It is the gateway to Nagaland, if you drive from Assam or fly into the state’s only airport located here. Around the 10th century, Dimapur was the capital of the Dimasa Kachari kingdom. Even today, one can see old relics – large dome-shaped pillars carved in stone. Legend has it that a king who was fond of a game similar to chess had built these to play.
Gracious hosts, talented designers, weavers and musicians make the visit special. The Wednesday market provides a lot of exotic “food” for thought.
In a society where people have grown up hunting, the boast – “We don’t hunt, we don’t cut trees here,” is admirable. Nagaland’s green village is a Rs 3 crore project sponsored by the Ministry of Tourism, both at the state and central level. Since its inauguration on 25th October 2005, it has become a model village. However, this historical village first shot to fame after the local Angami tribe resisted the invading British army during the 1800s. Well-preserved morungs (youth dormitories) and monoliths make this village a must-see.
The land of the Angami tribe – Kohima – played a vital role during World War II. The Battle of Kohima (1944), fought at the same time as the Battle of Imphal, was a turning point for the Allied forces compelling the Japanese to retreat. The epitaph on the memorial of the 2nd British Division in the cemetery there is now known as the Kohima poem. “When you go home, tell them of us and say – For your tomorrow we gave our today.”
The week-long Hornbill Festival is held at Kisama Heritage Village which is about 12kms from Kohima. All the tribes of Nagaland take part in this festival with the aim to revive and protect its rich culture and display its traditions.
The Dzukou Valley with its breathtaking scenery and lush carpets of flowers is an ideal destination for trekking. The flowers begin to bloom in the monsoons and are at their peak in the first two weeks of July. Accessible from Manipur or Khonoma village in Nagaland.
The village of Mon, bordered by Assam in the north and Myanmar on the east, is the land of the powerful Konyak Nagas who are ‘famed’ for headhunting. It is difficult to miss the ethereal quality of this place with its undulating hills and valleys and sparkling streams, creating a breathtaking landscape altogether.

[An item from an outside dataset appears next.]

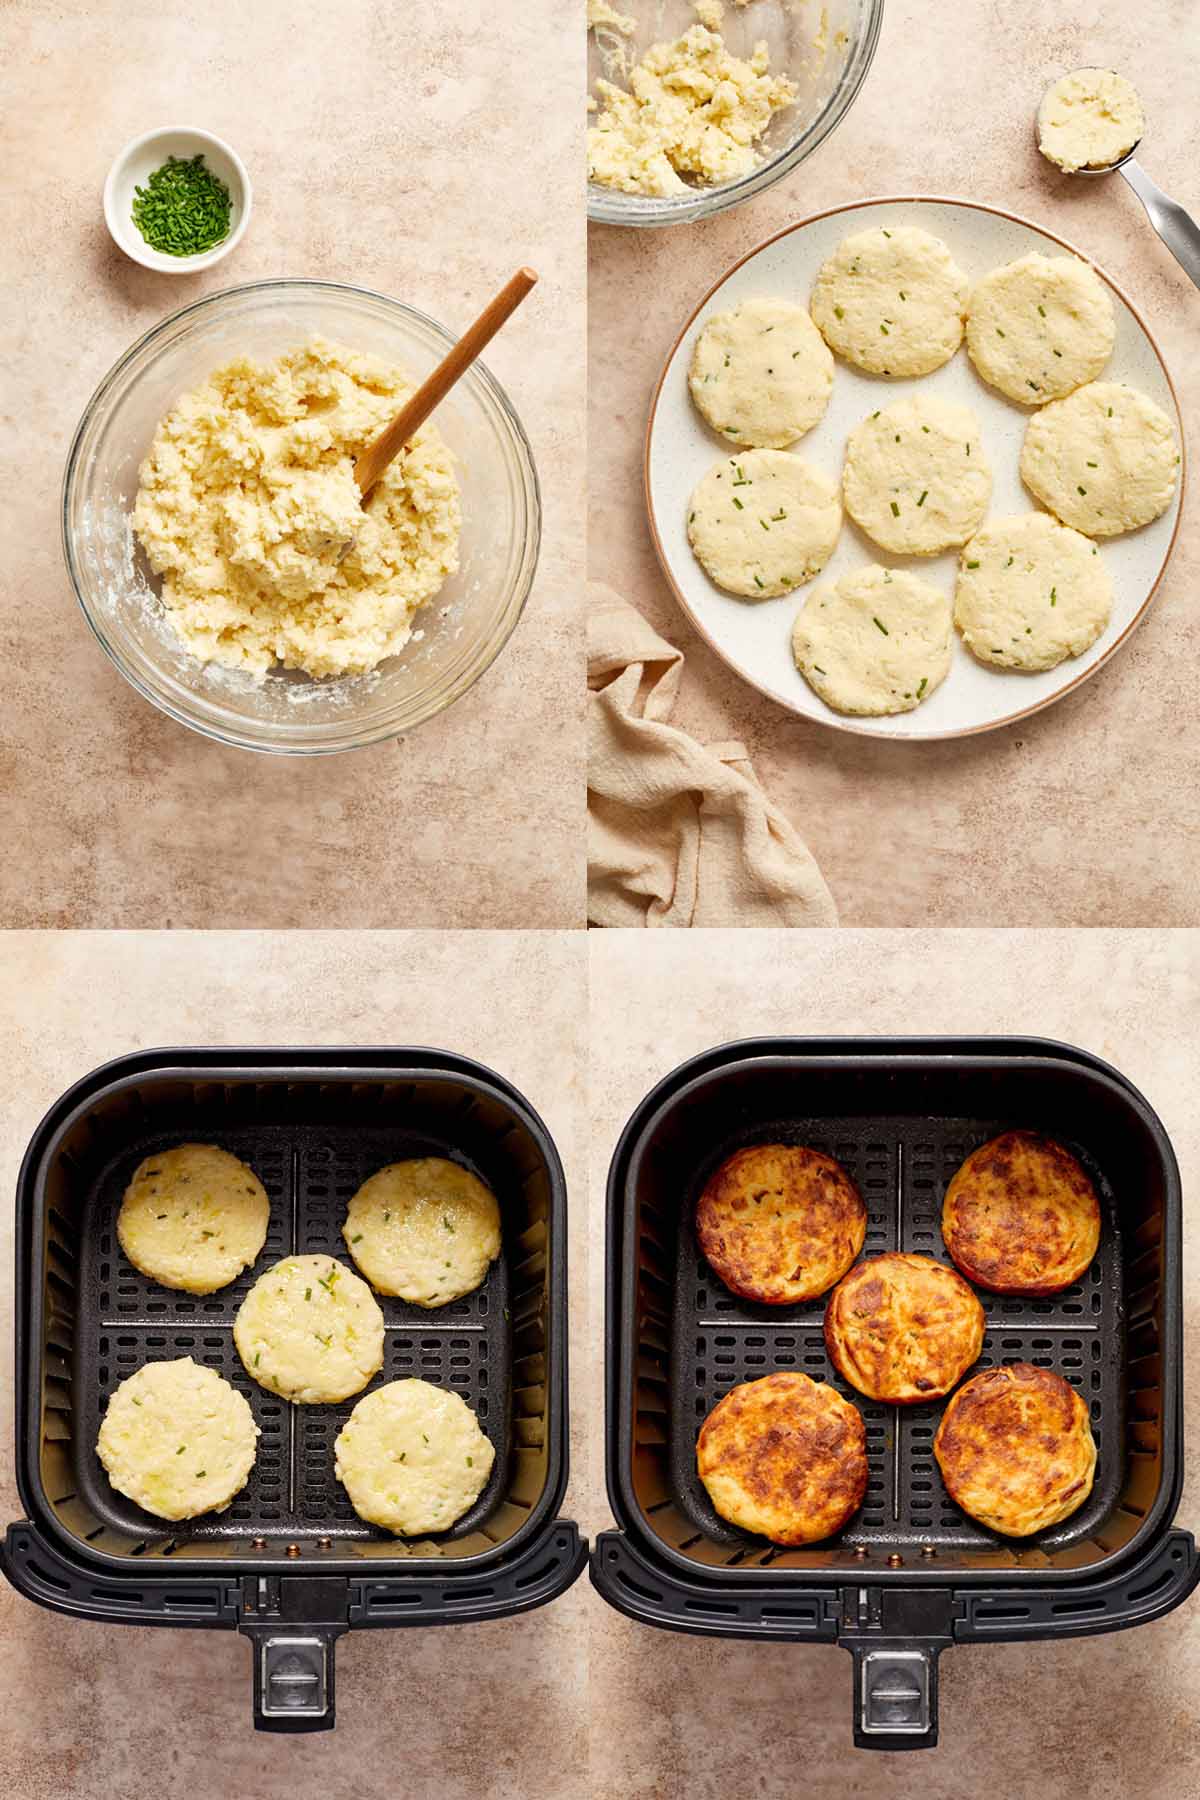 Collage of 4 images showing how to make potato cakes and air fry them.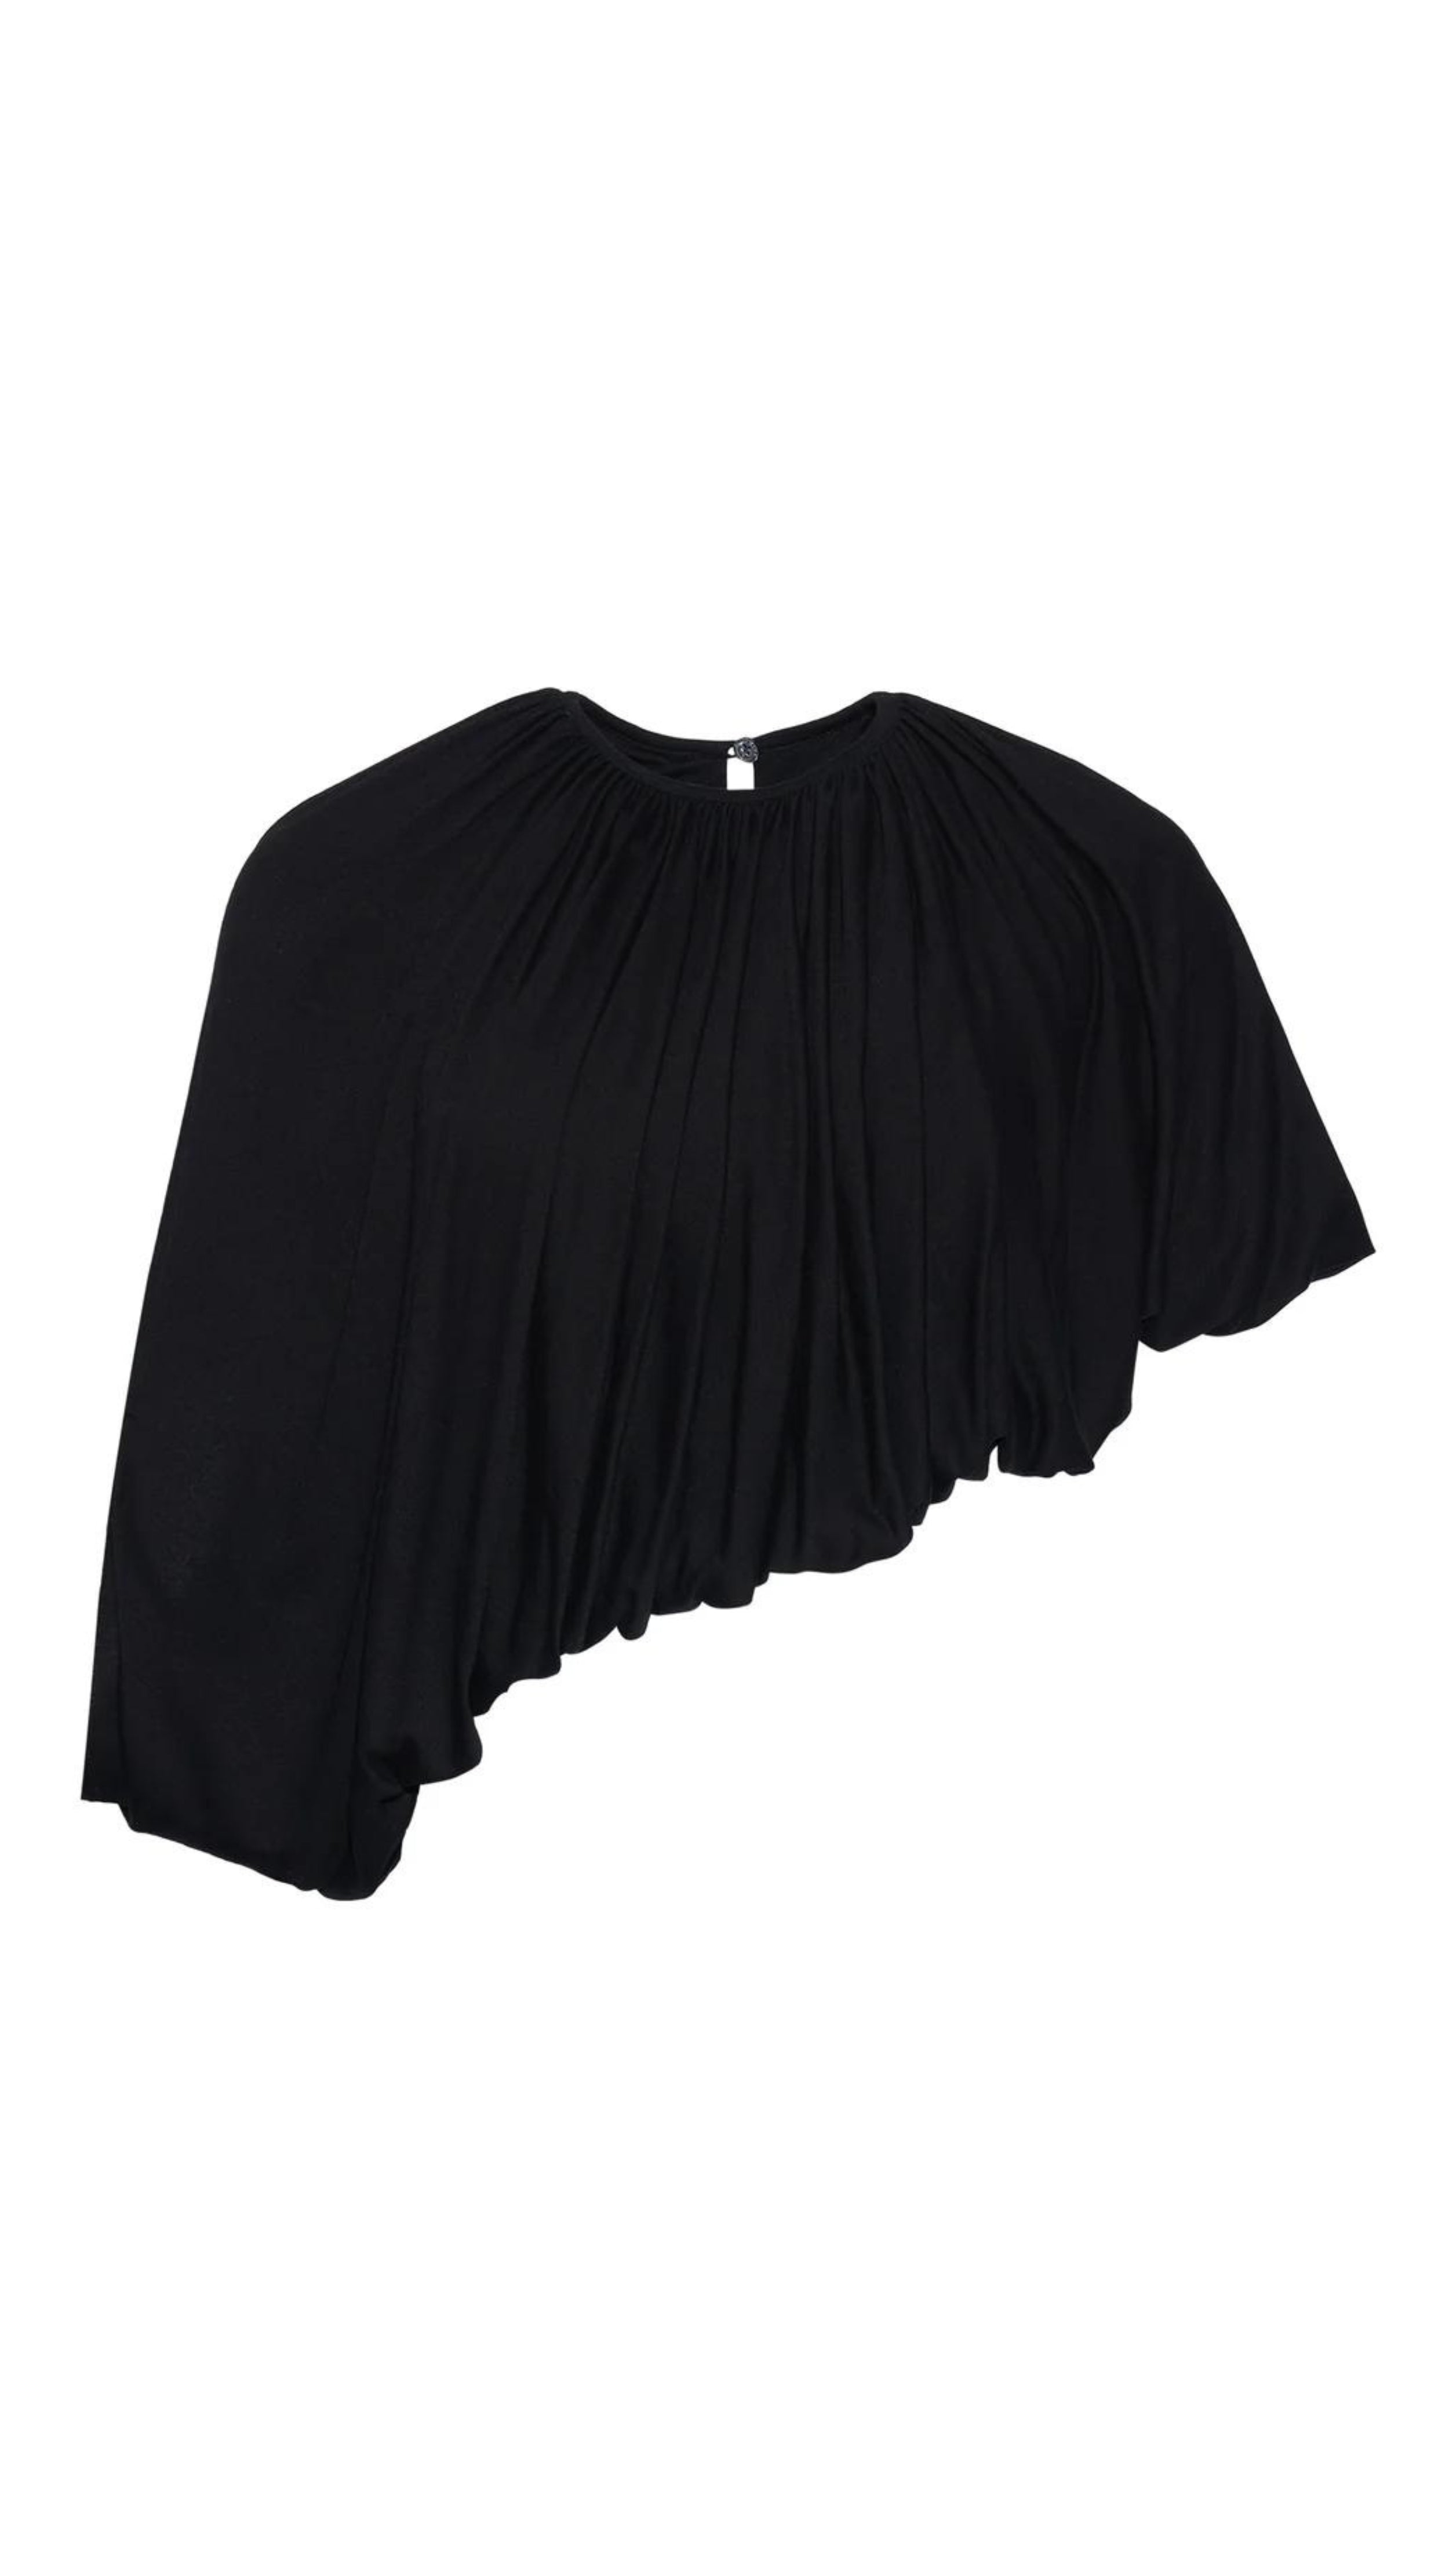 Altuzarra Naxos Top in Black. Draped jersey create a fluid look with an asymmetrical hemline. Product photo shown from the front

The Konyak Nagas, with their signature tattooed faces and blackened teeth, are known for their hunting prowess. The villages are scattered; one interesting case is that of Longwa, the trans-boundary village, that falls on the Indo-Myanmar border. Its residents possess dual citizenship for both the countries. The village chief, referred to as Angh, continues to be the most powerful man of the village.